# Using tape for marking timber???



## Curlycherry1 (May 26, 2016)

In another forum a person said they would never trust a forester that did not mark trees with tape as compared to paint. I have never heard of such a thing other than around houses being built and small markings for borders of construction sites. 

I can think of a lot of reasons to not use tape such as easy to fall off, no proof the log was marked once skidded, too much time needed to tape every tree to be cut, impossible for one forester to mark a large diameter tree alone, etc.

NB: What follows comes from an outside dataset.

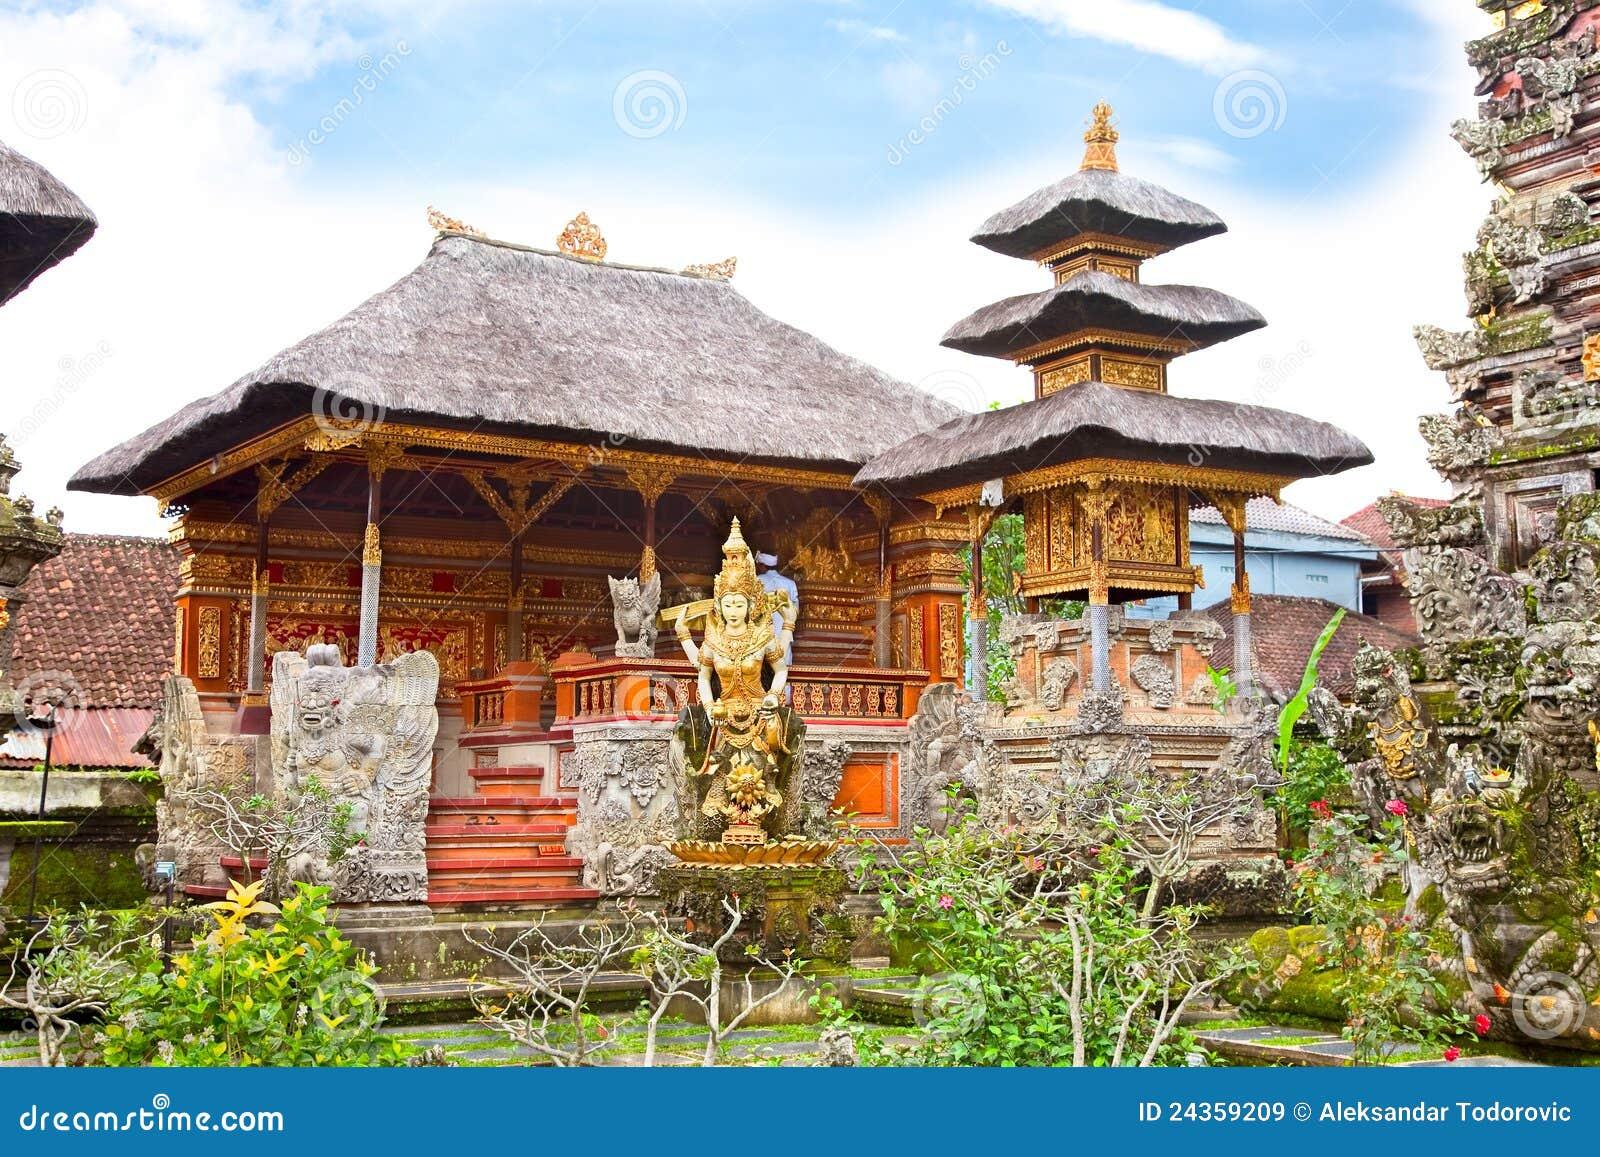 Pura saraswati tempel ubud bali indonesien lizenzfreie for Traditionelles haus bali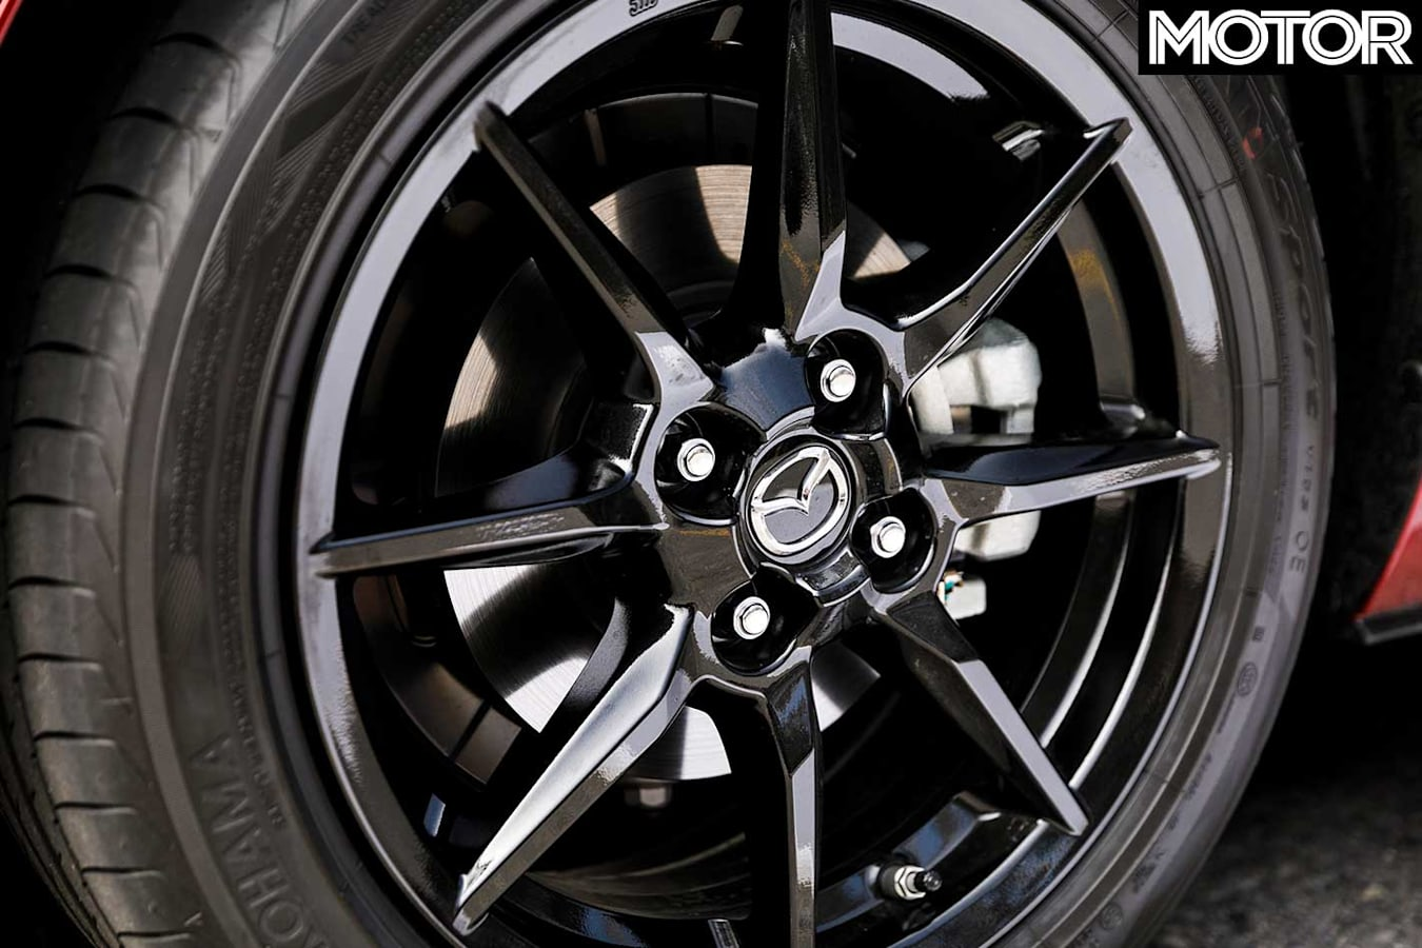 2018 Mazda MX 5 Wheel Jpg

Has anyone heard of using tape for large commercial forestry tracks?


----------



## Gologit (May 26, 2016)

Curlycherry1 said:


> In another forum a person said they would never trust a forester that did not mark trees with tape as compared to paint. I have never heard of such a thing other than around houses being built and small markings for borders of construction sites.
> 
> I can think of a lot of reasons to not use tape such as easy to fall off, no proof the log was marked once skidded, too much time needed to tape every tree to be cut, impossible for one forester to mark a large diameter tree alone, etc.
> 
> Has anyone heard of using tape for large commercial forestry tracks?



We use paint to mark trees for cutting but we also use tape...we call it _ribbon _or _flagging..._of different colors to mark hazard trees, boundaries, strips, corners, and RMZs. It's also used to mark haul roads, skid trails, arch sites, and many other things.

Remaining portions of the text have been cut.